After years of work and worry, NASA goes after the Hubble Space Telescope this week to attempt the biggest repair job in space-flying history.

"It's time to go do it," payload commander Story Musgrave said.

There's no more underwater training for Musgrave and the three other spacewalkers who will try to fix Hubble's blurry vision and other problems. No more tool checks. No more flight simulations.

And no more time - the countdown was to begin today for a 4:57 a.m. Wednesday liftoff of Endeavour. The seven crew members arrived at Kennedy Space Center on Saturday.

Musgrave, making his fifth shuttle flight, said he's ready, but scared.

"I may have been in the water hundreds of hours. I may have been in the clean room [with the Hubble replacement parts] hundreds of hours. As long as I've been in space, I've been getting ready," Musgrave said. "But like the Olympics, it boils down to a few seconds. You've got one shot at it. It's got to go right."

He paused, then added, "It's better to be scared than overconfident."

Normally bursting with can-do talk, NASA is expressing cautious optimism about the Hubble repair mission, considered the most complex space shuttle flight ever. The emphasis is on "cautious."
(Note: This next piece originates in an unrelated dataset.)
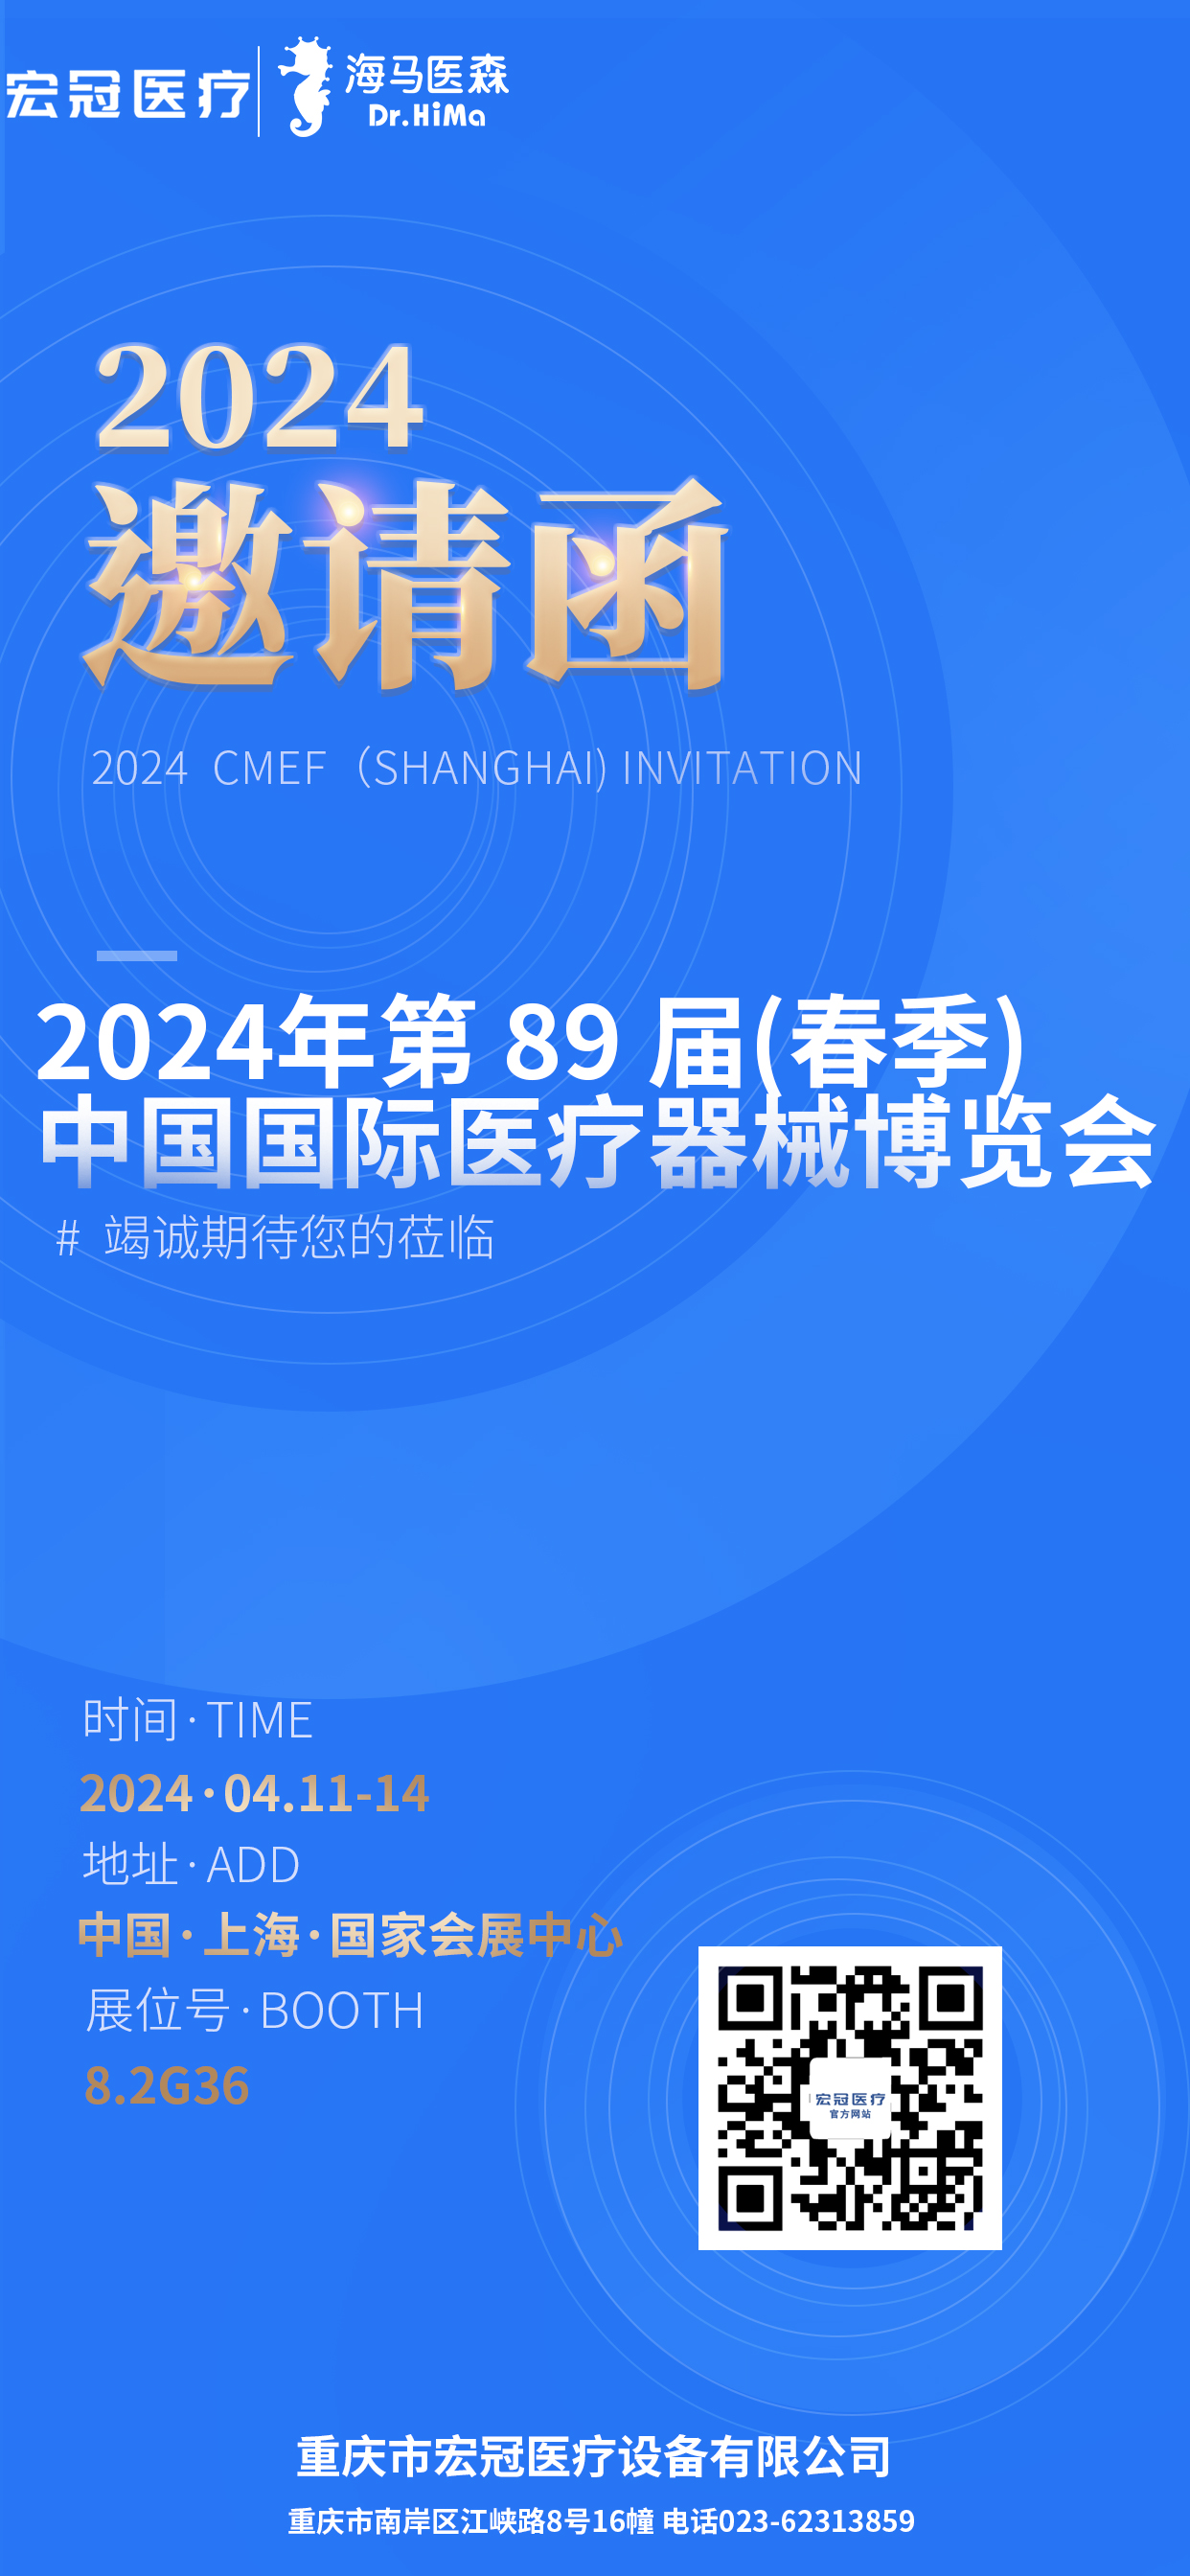 Invitación para 2024 CMEF（Shanghai)

Mission planners are already saying they'll be surprised if everything goes according to plan. A record five spacewalks are scheduled for the 11-day flight, but the astronauts could go out twice more to work on Hubble if necessary.

NASA always planned a service call to Hubble in 1993, three years after the telescope was launched, but it never expected the need for such extensive repairs.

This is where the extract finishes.